## EXERCISE AIM:
In the listing below, find the line containing "Inkontinens vid graviditet" and the line containing "A floor plan of the museum's second floor.". Repeat exactly those two lines and every line between them.

DATA SHOWN START

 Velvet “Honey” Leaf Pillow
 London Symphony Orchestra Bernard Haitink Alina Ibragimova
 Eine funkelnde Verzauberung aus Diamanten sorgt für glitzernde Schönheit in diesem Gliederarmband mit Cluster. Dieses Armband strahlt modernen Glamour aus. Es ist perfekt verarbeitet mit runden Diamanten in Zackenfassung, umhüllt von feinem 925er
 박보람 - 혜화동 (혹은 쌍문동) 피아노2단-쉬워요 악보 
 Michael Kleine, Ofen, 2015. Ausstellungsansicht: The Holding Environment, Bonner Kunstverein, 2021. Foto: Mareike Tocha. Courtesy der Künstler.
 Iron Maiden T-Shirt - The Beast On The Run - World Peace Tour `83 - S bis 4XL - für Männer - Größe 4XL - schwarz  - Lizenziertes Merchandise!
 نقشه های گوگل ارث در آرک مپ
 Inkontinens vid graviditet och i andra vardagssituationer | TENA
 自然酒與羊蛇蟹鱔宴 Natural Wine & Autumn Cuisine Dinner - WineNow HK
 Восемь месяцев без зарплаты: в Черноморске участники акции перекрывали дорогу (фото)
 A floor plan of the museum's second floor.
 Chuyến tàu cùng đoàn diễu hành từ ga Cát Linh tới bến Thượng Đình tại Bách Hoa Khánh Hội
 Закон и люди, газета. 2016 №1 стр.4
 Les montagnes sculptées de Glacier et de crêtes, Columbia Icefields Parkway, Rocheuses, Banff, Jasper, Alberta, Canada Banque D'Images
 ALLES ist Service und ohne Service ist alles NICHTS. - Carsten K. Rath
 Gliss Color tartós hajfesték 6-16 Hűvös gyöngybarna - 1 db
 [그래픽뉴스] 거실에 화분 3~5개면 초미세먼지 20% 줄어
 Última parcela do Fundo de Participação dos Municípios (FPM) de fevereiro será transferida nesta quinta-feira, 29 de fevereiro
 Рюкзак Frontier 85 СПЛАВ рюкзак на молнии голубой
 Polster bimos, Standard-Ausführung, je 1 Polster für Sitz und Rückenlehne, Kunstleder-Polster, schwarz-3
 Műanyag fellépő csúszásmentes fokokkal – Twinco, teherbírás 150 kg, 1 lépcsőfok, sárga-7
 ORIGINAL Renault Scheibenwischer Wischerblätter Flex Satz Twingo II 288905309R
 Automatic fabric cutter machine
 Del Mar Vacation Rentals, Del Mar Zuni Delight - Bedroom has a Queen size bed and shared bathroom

DATA SHOWN END

## TASK SOLUTION:
 Inkontinens vid graviditet och i andra vardagssituationer | TENA
 自然酒與羊蛇蟹鱔宴 Natural Wine & Autumn Cuisine Dinner - WineNow HK
 Восемь месяцев без зарплаты: в Черноморске участники акции перекрывали дорогу (фото)
 A floor plan of the museum's second floor.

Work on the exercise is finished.